Human Data, therefore, is bigger than just one data source and is broader than just personal data. Human data accounts for data that defines us a person, but also data that contextualises our relationships with other people, organisations and society at large.
Data, particularly personal data, is already recognised as being extraordinarily valuable. Indeed the valuations of many tech companies are based on the value they hold with their customers’ data.
This value is only sustainable if it is shared two ways, between the business and the customer. Value is a broad term and can mean things in different contexts. The obvious manifestation is monetary value. But just as important as this is the use of that data to help individuals better understand themselves, support their decision making and help them better manage their lives. When data is shared with the customer, and has shared value, the very nature of the customer relationship is fundamentally changed. The opportunity to create disruptive new customer experiences and value propositions vastly improves. In fact, a lot of the customer insight can be done in real time as part of the customer engagement.
Human Data: doesn’t it already exist?
Not really. Not across all three data principles of being ethical, integrated and valuable.
Market research companies are probably the closest. They have historically been the independent intermediary for the consented exchange of information between individuals and businesses. The problem here is that they still largely use one source of data (for quantitative data they use surveys). When they link up with CRM systems or big centralised data, it is slow, full of compliance issues and provides no value to the individual. Furthermore, the value exchange for completing surveys is typically very poor. It is largely monetary but only pays out after accumulating a certain balance or jumping through a lot of administrative hoops.
The largest tech companies are also the largest data companies. GAFA (Google, Apple, Facebook, Amazon) are constantly improving the variety of data available to inform actionable business insights.
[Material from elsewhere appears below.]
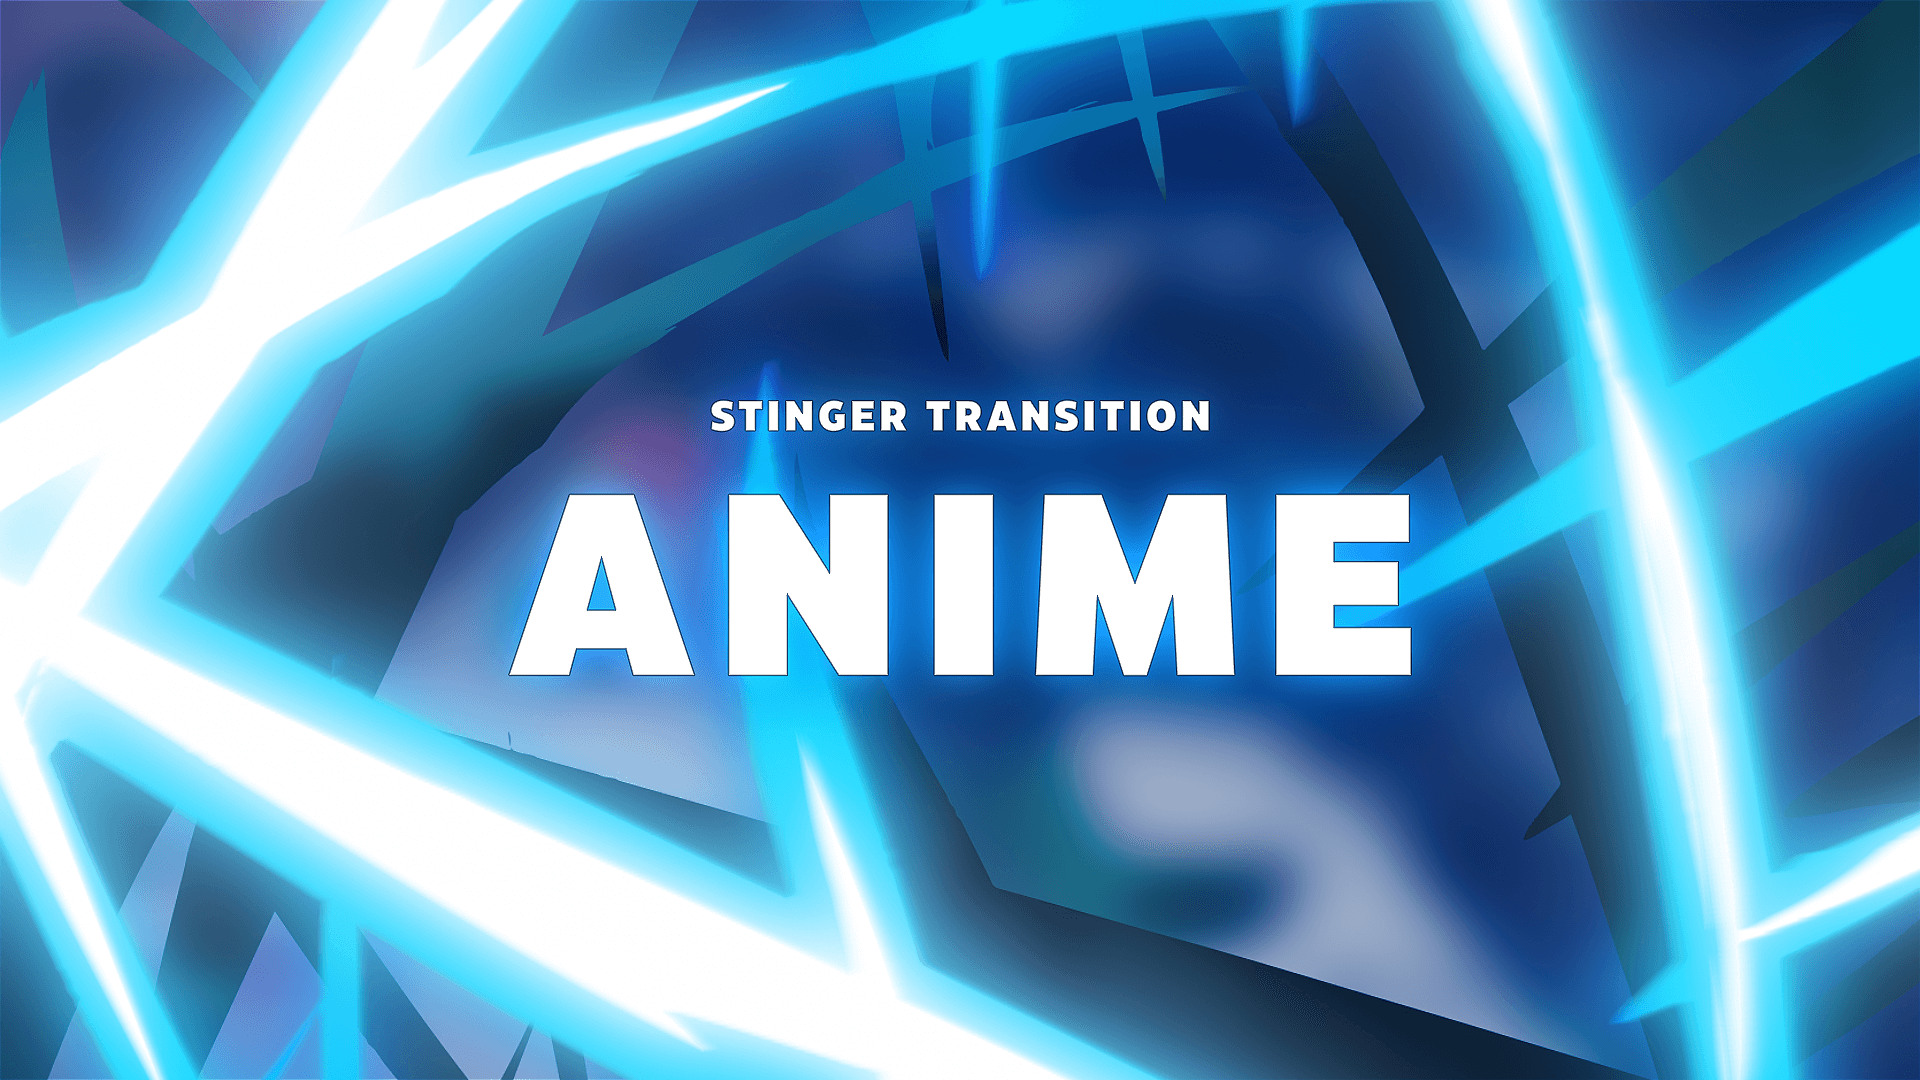 Anime - Stinger Transition for Twitch, Youtube and Facebook

What’s more they offer a lot of value in the services they offer to their customers. To better improve these services they are continually integrating their product portfolio and acquiring new businesses to get a richer 360 degree view of their customers/users. The inherent challenge with their business model is that they are centralised; therefore they only understand their customers by the interactions within their organisation. Centralised data makes it very difficult to access fully integrated customer data. With a centralised architecture the only way to gain data from outside the organisation is to buy it in from data brokers, which has real ethical issues and in most cases is not a true reflection of the human the data is based upon.
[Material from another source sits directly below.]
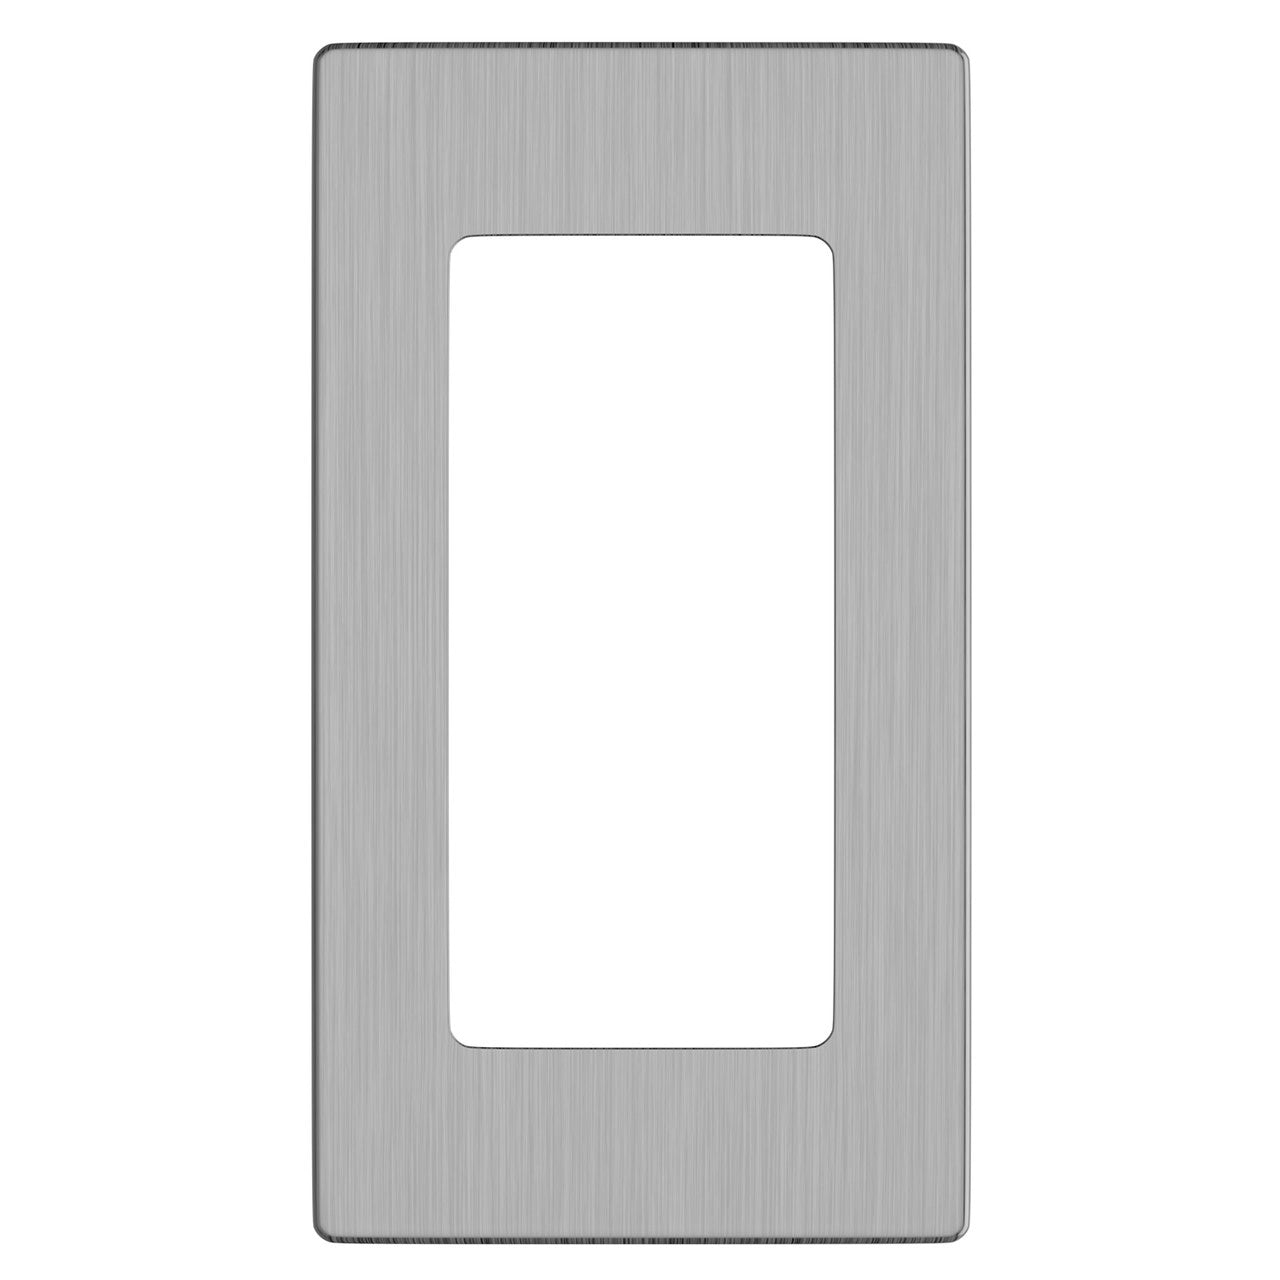 ProofVision PV11-BS-FR Brushed Steel Toothbrush Charger Plate

Data Brokers: The Data Dehumanisers
Data brokers are businesses largely unknown to customers, but they know an awful lot about us. They integrate data from multiple sources, but without transparency or consent from real people. Data brokers offer very little value to individuals other than credit referencing services, although Open Banking could greatly enhance the experience between lender and the customer. In fact, their big centralised architecture poses a risk to real people as we saw last year with Equifax’s huge data breach of 143 million consumers in the US. This is a huge privacy violation, especially as the consumer has no control over the information Equifax and other brokers store about them. The data brokering model has become redundant in a digital and data driven economy. The data they broker is the opposite of what we define as human data. The only way to fix the critical issues in data brokering is to flip their business model on its head and give back control to the individual.
The way our data is currently managed and used is not fit for purpose in a 21st century information economy. Making the shift to human data will benefit everyone, not just us as individuals but businesses too.